In order to ascertain whether mortality had an impact on overall AF-related healthcare costs, average annual cost per patient by age and for each health or care home sector was estimated for patients who were alive and those who were dead at the end of the 5-year follow-up period. The two econometric models (Equation IV and V, please see online online supplementary equation IV and V) followed the same structure of the model described in the previous section and used for the main analysis; however, those models were not adjusted for mortality.

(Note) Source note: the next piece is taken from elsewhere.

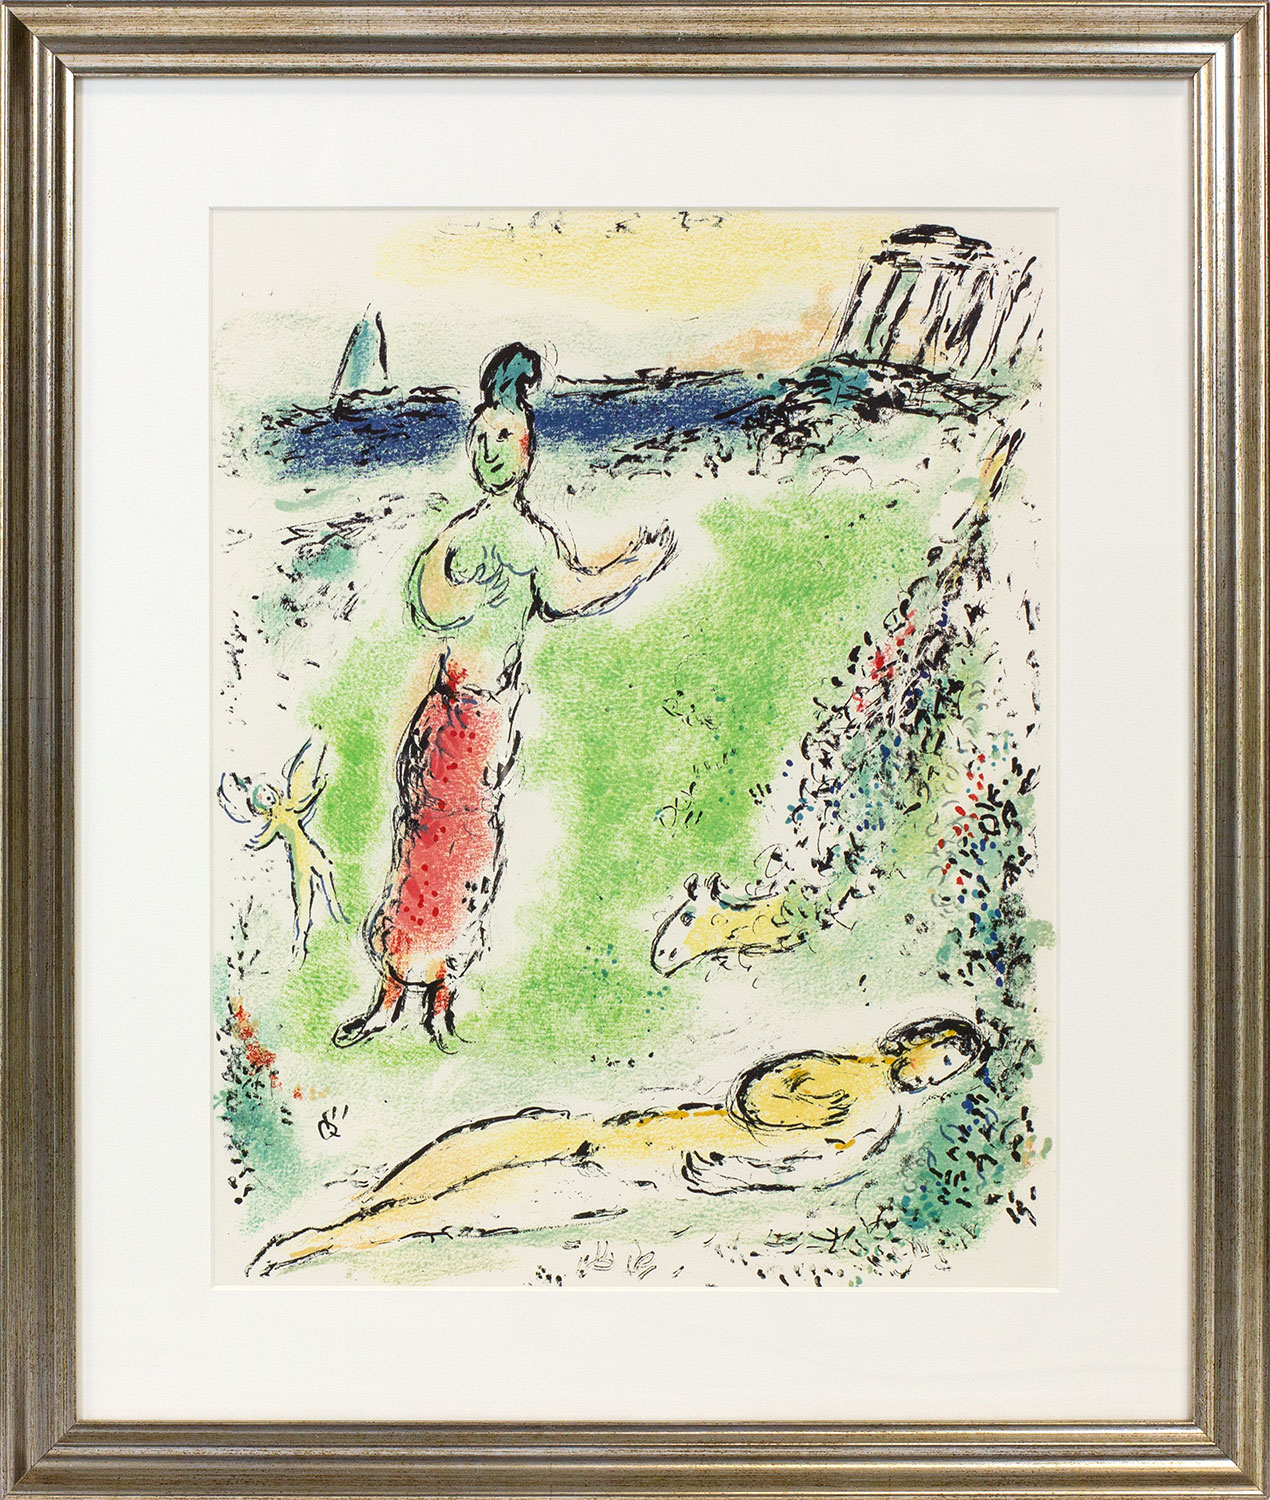 Bild "Die Odyssee - Athene senkt Odysseus in den Schlaf" (1989), gerahmt von Marc Chagall

Patients and public involvement

There was no patients or public involvement.

Results

Cohort characteristics

Of the 278 286 patients with AF with a mean age of 74 years (SD 12.5), the majority were identified in the two largest urban health board areas (Greater Glasgow and Clyde and Lothian), accounting for 22.2% and 14.8%, respectively. This is also reflected in our categorisation of geographical areas, where large urban represented 38.4% and other urban areas represented 29.7% of the total AF cohort. Greater proportion of patients live in areas belonging to the most deprived quintile compared with those living in the least deprived areas—SIMD quintile 1 and quintile 5 representing 22.5% and 16.6% of the AF cohort, respectively (table 1).

Table 1.

Baseline characteristics of patients with AF

Characteristics N (%)
Number of patients 278 286
Mean age at first admission* (SD)** (range) 74* (12.5)** (0–108)
Sex
 Male 139 928 (50.3)
 Female 138 358 (49.7)
Health boards
 Greater Glasgow and
Clyde
61 822 (22.2)
 Lothian 41 169 (14.8)
 Lanarkshire 31 049 (11.2)
 Grampian 25 728 (9.3)
 Ayrshire and Arran 22 003 (7.9)
 Tayside 25 003 (9.0)
 Fife 17 954 (6.5)
 Highland 18 929 (6.9)
 Forth Valley 13 664 (4.9)
 Dumfries and Galloway 9798 (3.5)
 Borders 7222 (2.6)
 Western Isles 1868 (0.7)
 Shetland 1036 (0.4)
 Orkney 1041 (0.4)
Geography
 Large/urban 106 868 (38.4)
 Other/urban 82 601 (29.7)
 Accessible small towns 24 938 (9.0)
 Remote small towns 8272 (3.0)
 Very remote small towns 3828 (1.4)
 Accessible rural 30 826 (11.1)
 Remote rural 10 371 (3.7)
 Very remote rural 10 087 (3.6)
SIMD quintile
 1 62 730 (22.5)
 2 62 632 (22.5)
 3 55 943 (20.1)
 4 50 691 (18.2)
 5 46 279 (16.6)
Comorbidity
 No comorbidity 40 502 (14.6)
 1 comorbidity 53 651 (19.3)
 >1 comorbidities 184 133 (66.2)
Re-hospitalised (any condition) 179 494 (64.5)
Admitted to care home 7235 (2.6)
Mortality
 Alive 204 690 (73.6)
 Dead 73 596 (26.4)

SIMD, Scottish Index of Multiple Deprivation.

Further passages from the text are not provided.